1. The Fed was created to conduct monetary policy; so let it stick to it's knitting.
2. The Fed doesn't need to take on a new role on top of those it already has.
3. The Fed had a large role in creating the current mess, so it shouldn't be rewarded with new assignments.
The Fed was not created to conduct monetary policy. Monetary policy as we know it today hadn't been invented yet. The Fed was created to stabilize the financial system and prevent or ameliorate financial panics.
Following the Panic of 1907, Congress established a national monetary commission to study the financial system and prevent episodes such as the panic. (Sound familiar?)
Much debate ensued, but eventually the study and the debate led to the Federal Reserve Act, which President Wilson signed on December 23, 1913.

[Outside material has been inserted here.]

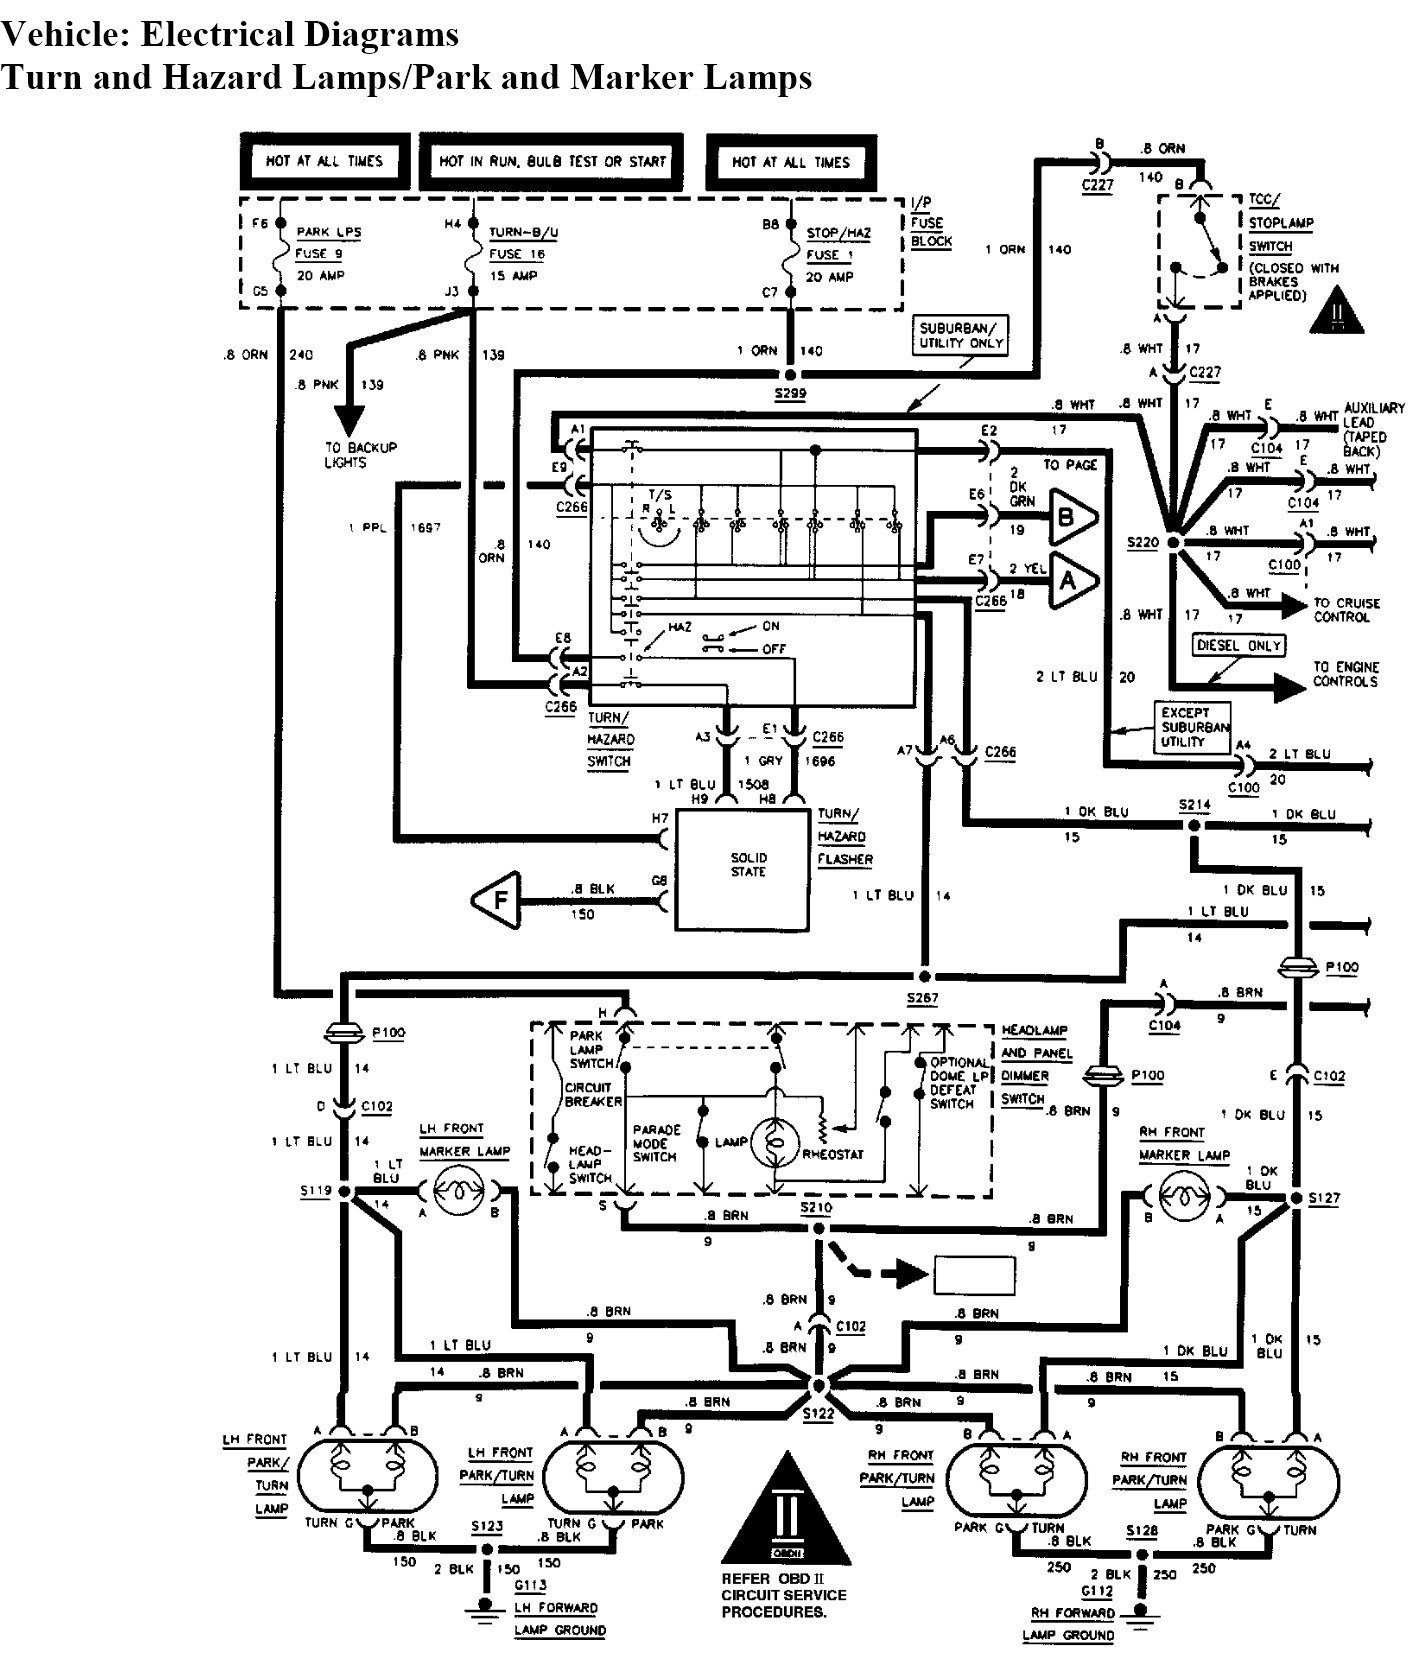 Wfco 8955 Converter Wiring Diagram from mainetreasurechest.com

One of the main problems that made the banking system unstable was that banks held their reserves with each other. Bank A deposited reserves (its assets) into Bank B (its liabilities). Bank B's reserves (assets) were deposited in Bank C (liabilities). And so on.
This arrangement worked well when it worked well. Problems arose when some banks, for whatever reasons, had to withdraw its reserve deposited in other banks. That caused those banks to have a reserve shortage and led them to withdraw reserve from still other banks, leading to a multiple contraction of reserves from the whole banking system. The scramble for reserves, if large enough, could and did create disruptions, even panics.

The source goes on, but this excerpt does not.